» **WHAT NEEDS TO BE DONE**: Taking the line that contains "Solar Master Rainbow Salt" as the start and the last line of the data as the end, repeat exactly every line in that span, but no pictures.

Records from a dataset
______________________________
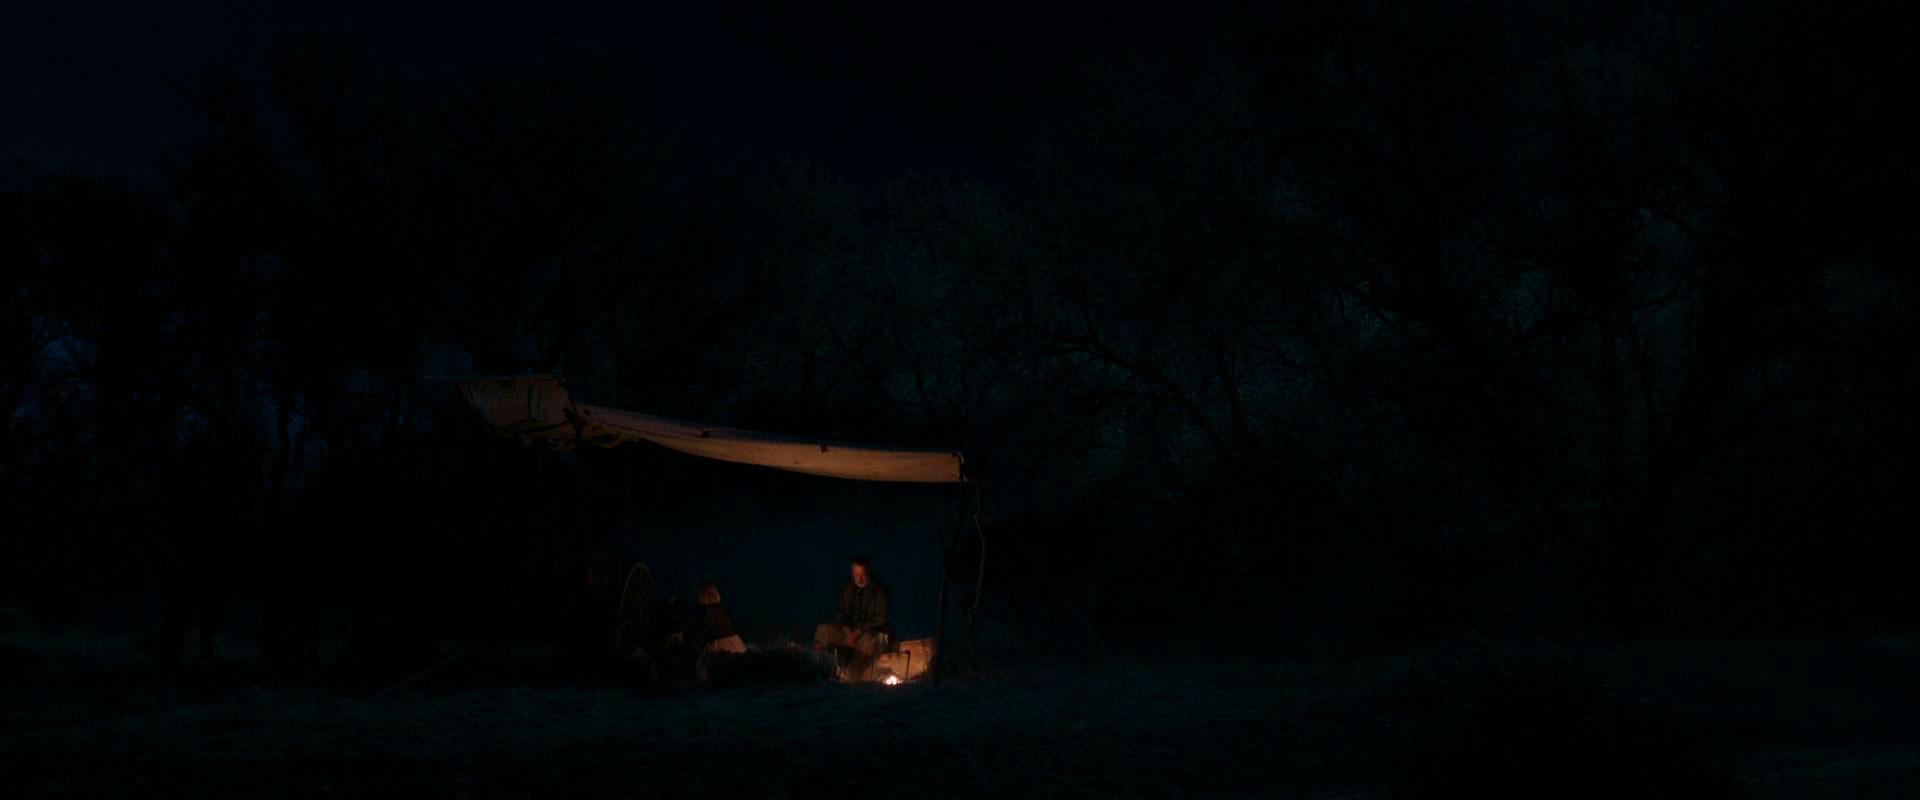 Splitscreen-review Image de La Mission de Paul Greengrass
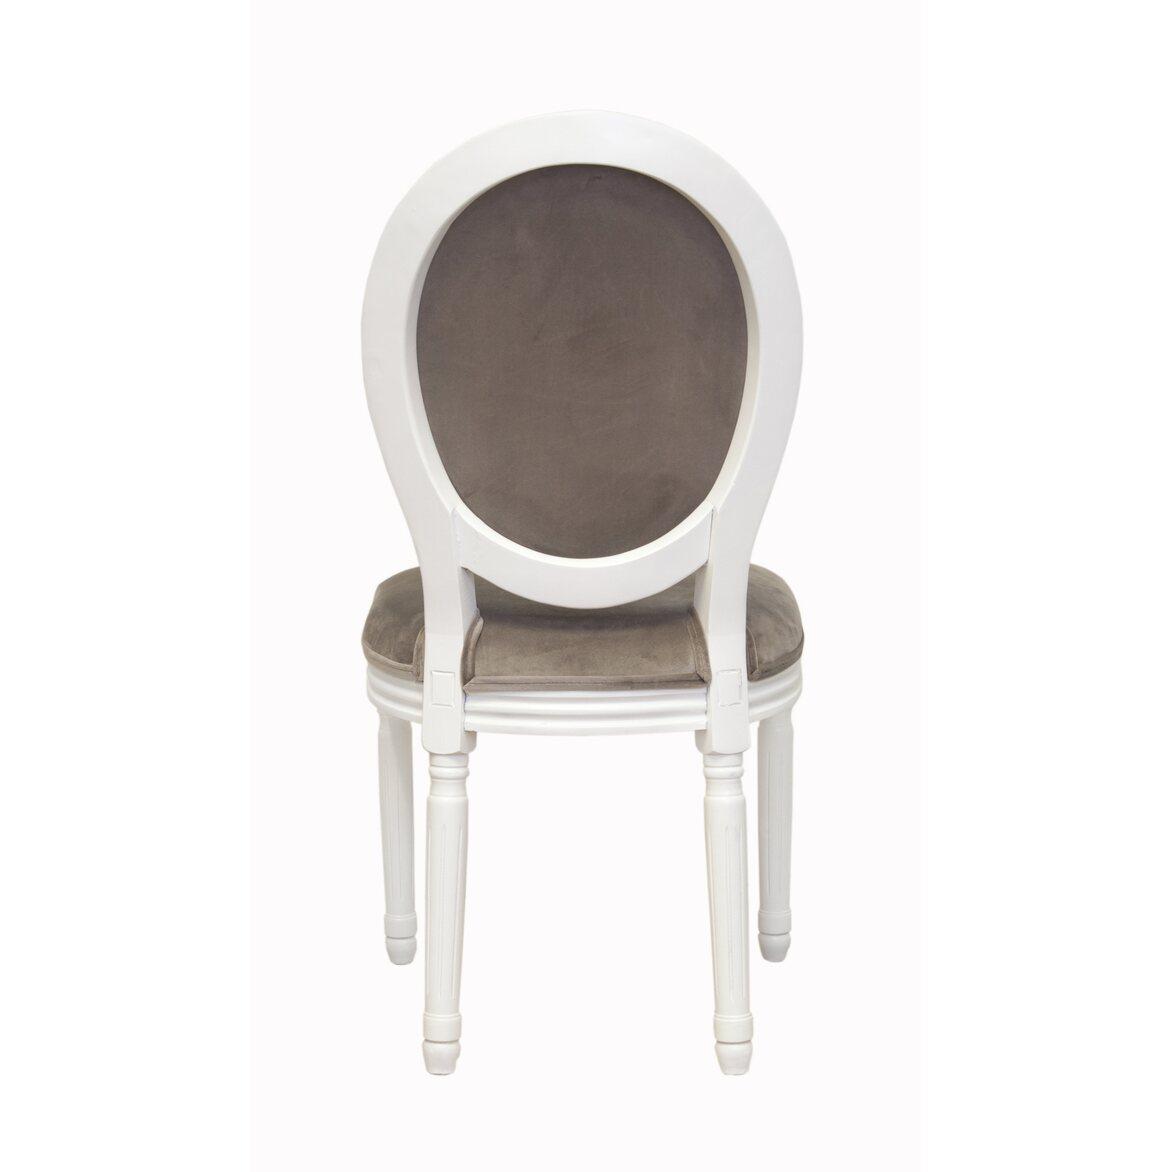 Стул Volker taupe 3 | Обеденные стулья Kingsby
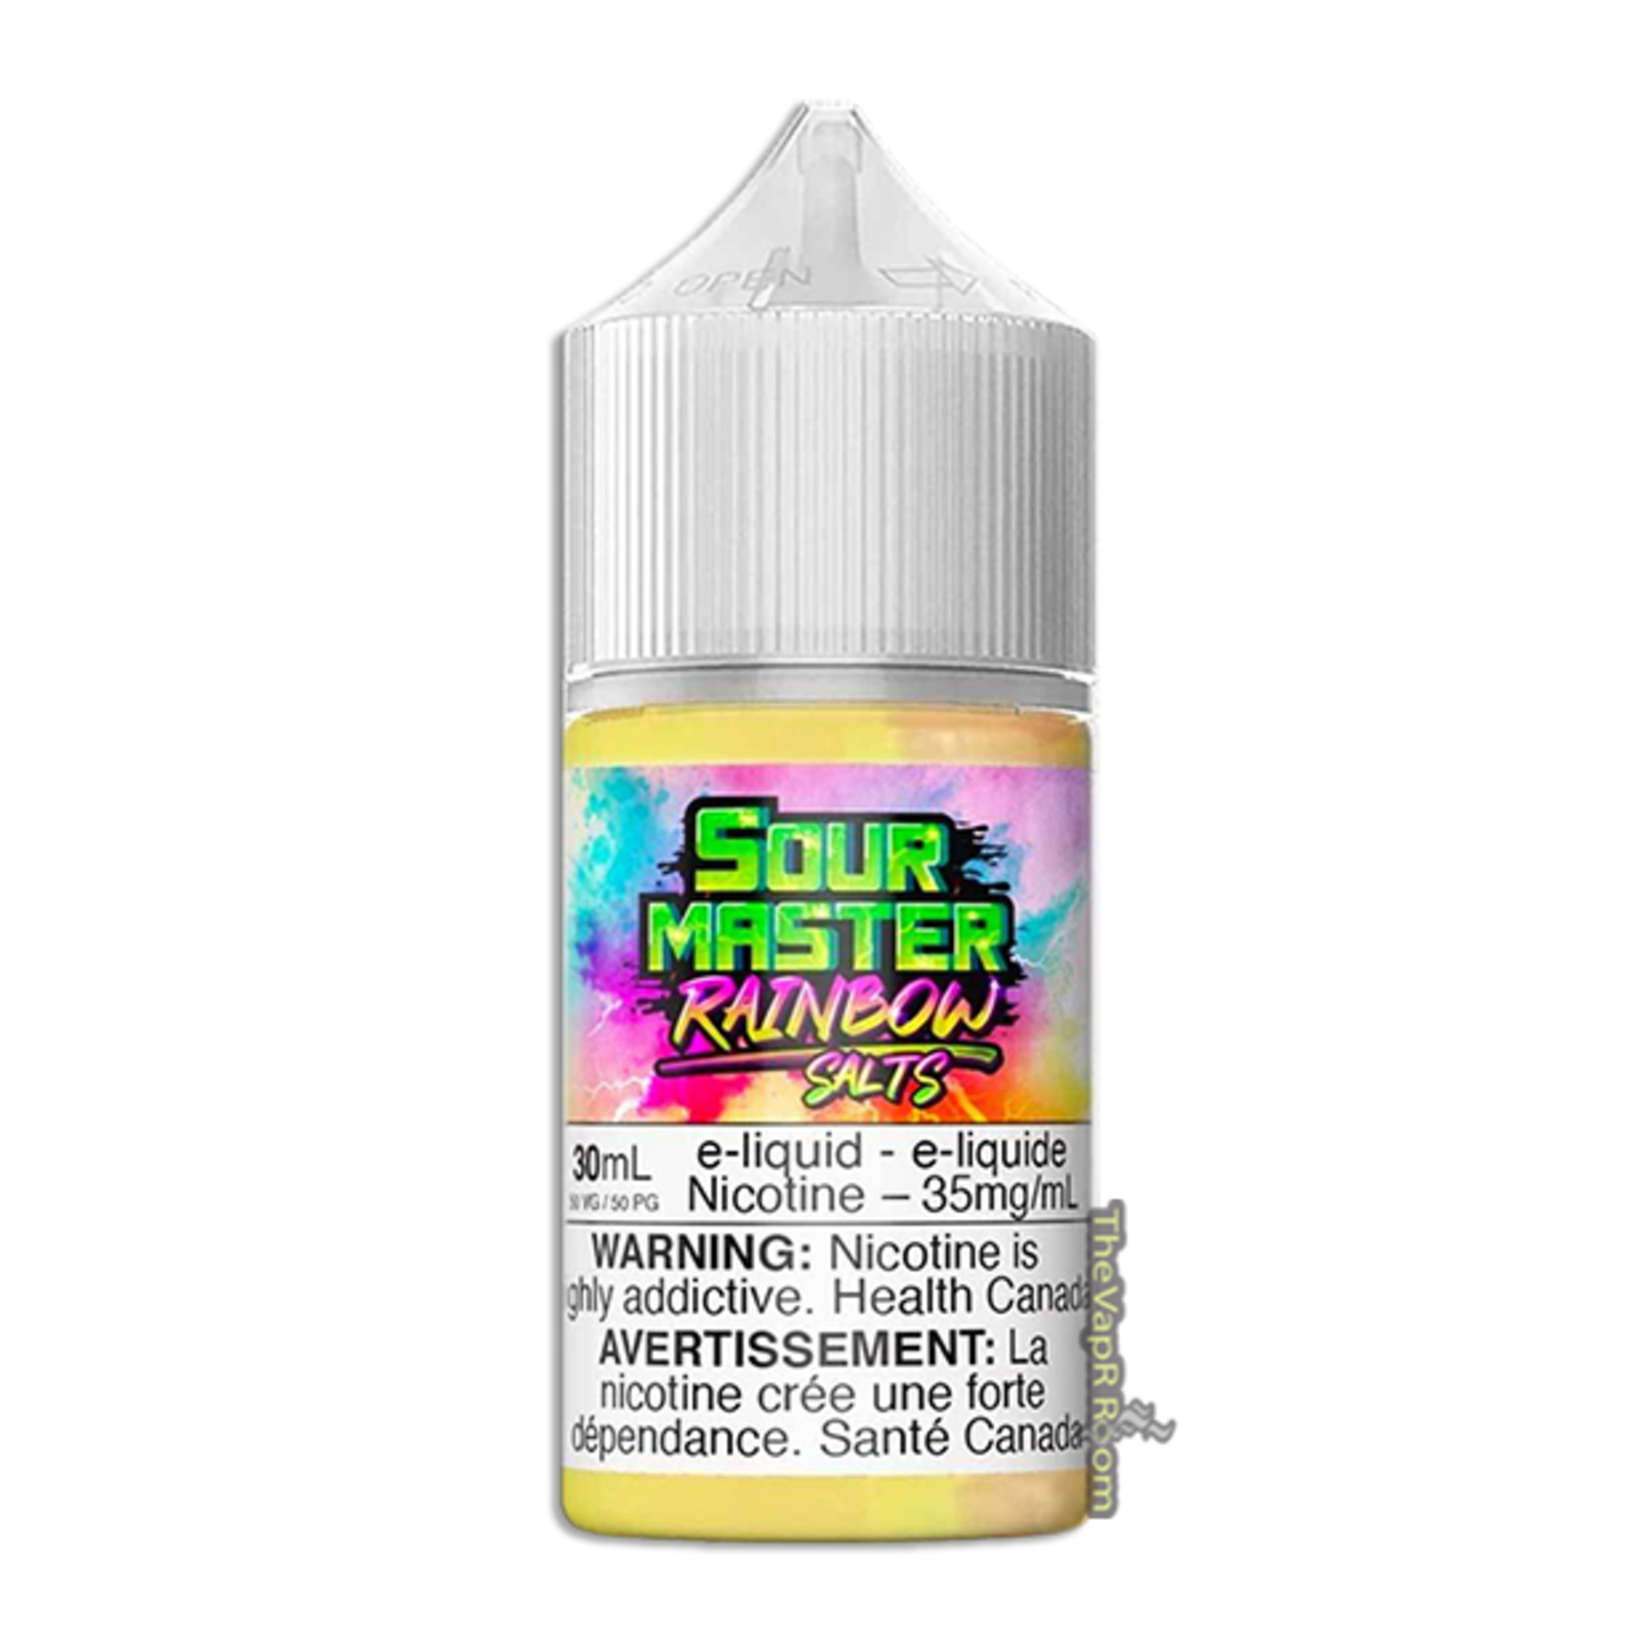 Solar Master Rainbow Salt
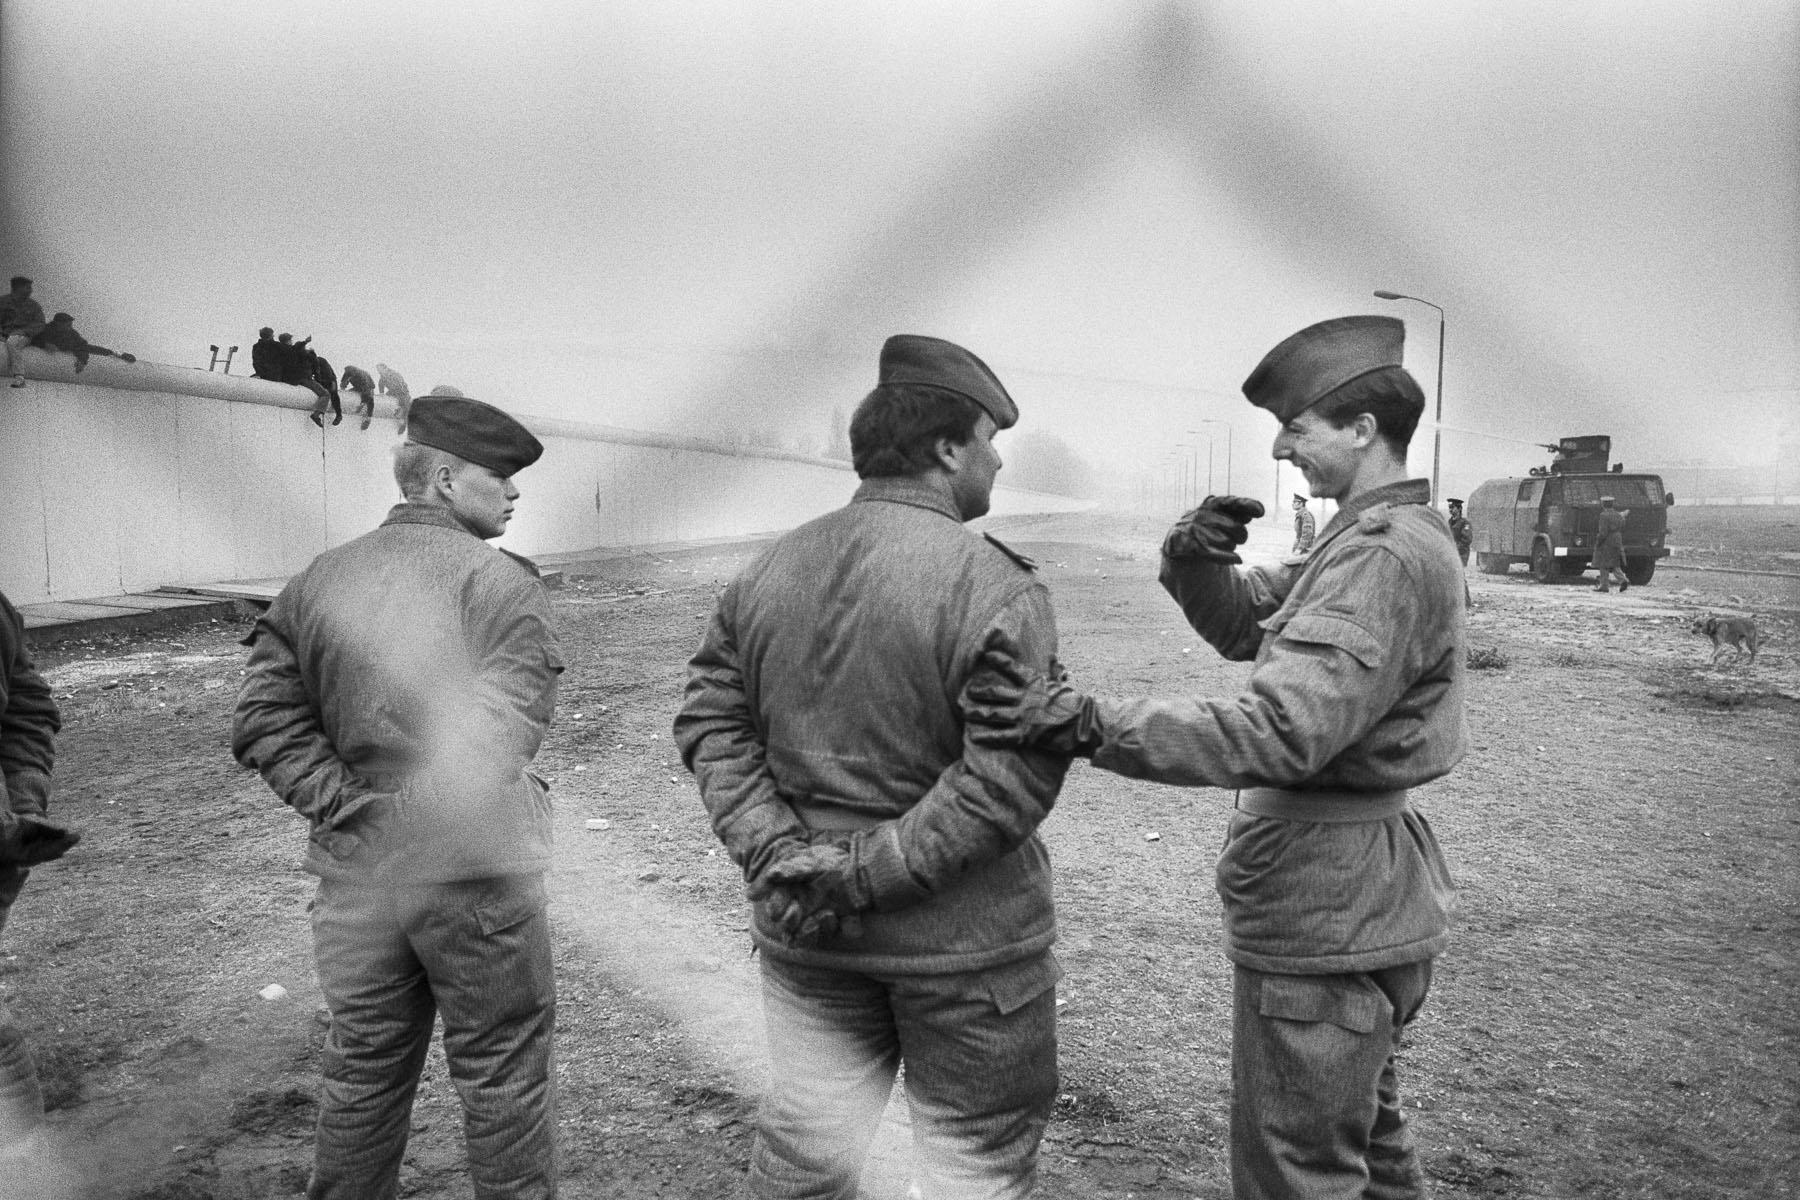 East German soldiers next to Potzdamer Platz on November 11, 1989
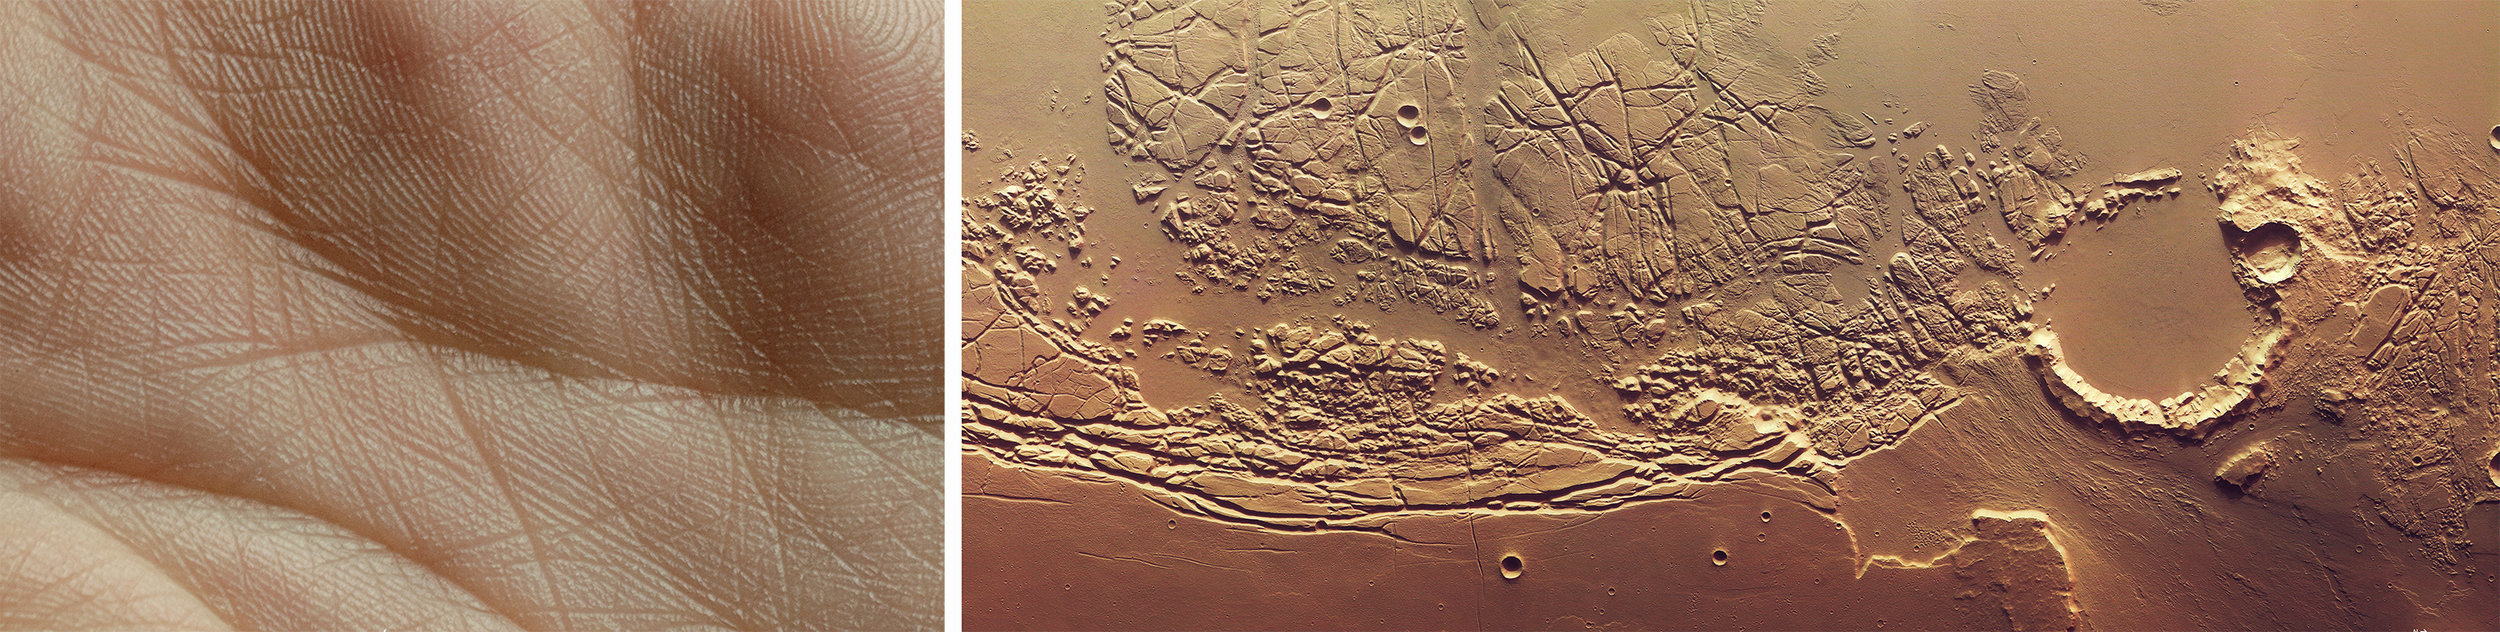 Marina-Fridman-Mars
______________________________
» **ANSWER SPACE**:
 Solar Master Rainbow Salt
 East German soldiers next to Potzdamer Platz on November 11, 1989
 Marina-Fridman-Mars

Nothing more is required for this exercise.